Measurements on Electrostatically Actuated MEMS Cantilever Systems 

Zachary Harmany

Mentor: Professor  Srinivas Tadigadapa

                                                                                         

            The area where my research will be focusing is in the rapidly expanding field of micro-electromechanical systems (MEMS).  These devices are created by scaling macroscopic objects down and constructing them out of silicon.  In particular, I will be conducting measurements on electrostatically actuated MEMS cantilever systems.  Under an applied sinusoidal voltage, these cantilevers can be shown to possess resonant frequencies similar to a macroscopic system that can be modeled approximately by a mass on a spring.  I will be studying where these resonant frequencies occur and how factors like the pressure of the surrounding air affect these structures.

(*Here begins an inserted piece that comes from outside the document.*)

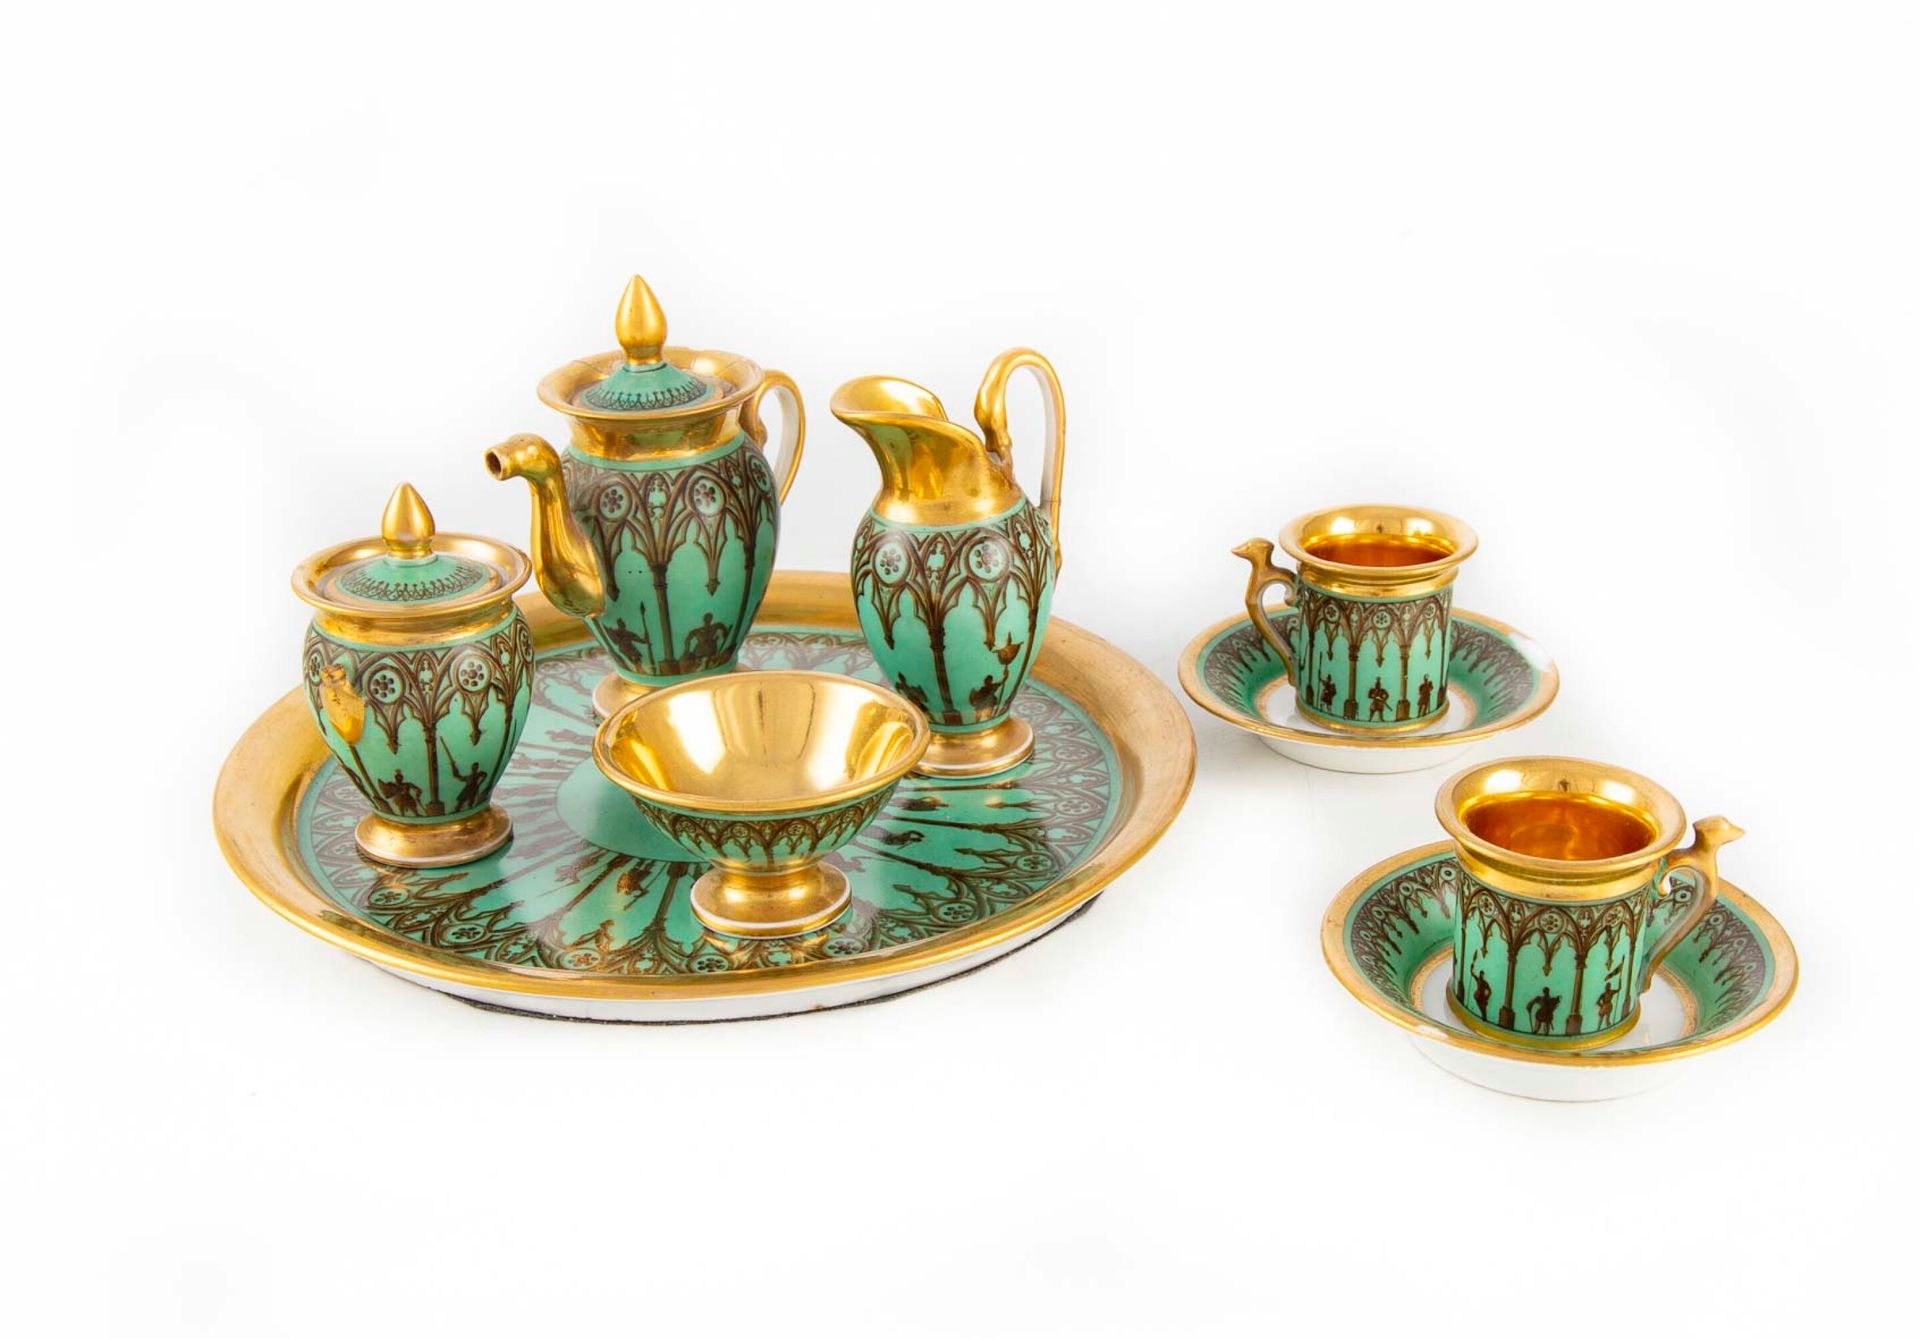 PARIS 巴黎

瓷器卡巴莱，绿色背景上的棕色和金色装饰，新哥特式风格的拱门下的人物，包括一个圆形托盘，一个有盖茶壶，一个有盖糖罐，一个牛奶罐，一个碗，两个圆&hellip;

            After obtaining precise measurements of these systems, our plan is to then cover these structures with high strength carbon nanotubes.  These nanotubes should increase the stiffness of our system that would outweigh the added mass presented by the nanotubes.  This stiffness should be able to be detected by observing an increase in the resonant frequency of the cantilever.  Our hope is that we would be able to show that the properties of these nanotubes are able to greatly affect the properties of MEMS structures.  I also believe that fusing micro- and nano-technologies could lead to beneficial and innovative devices.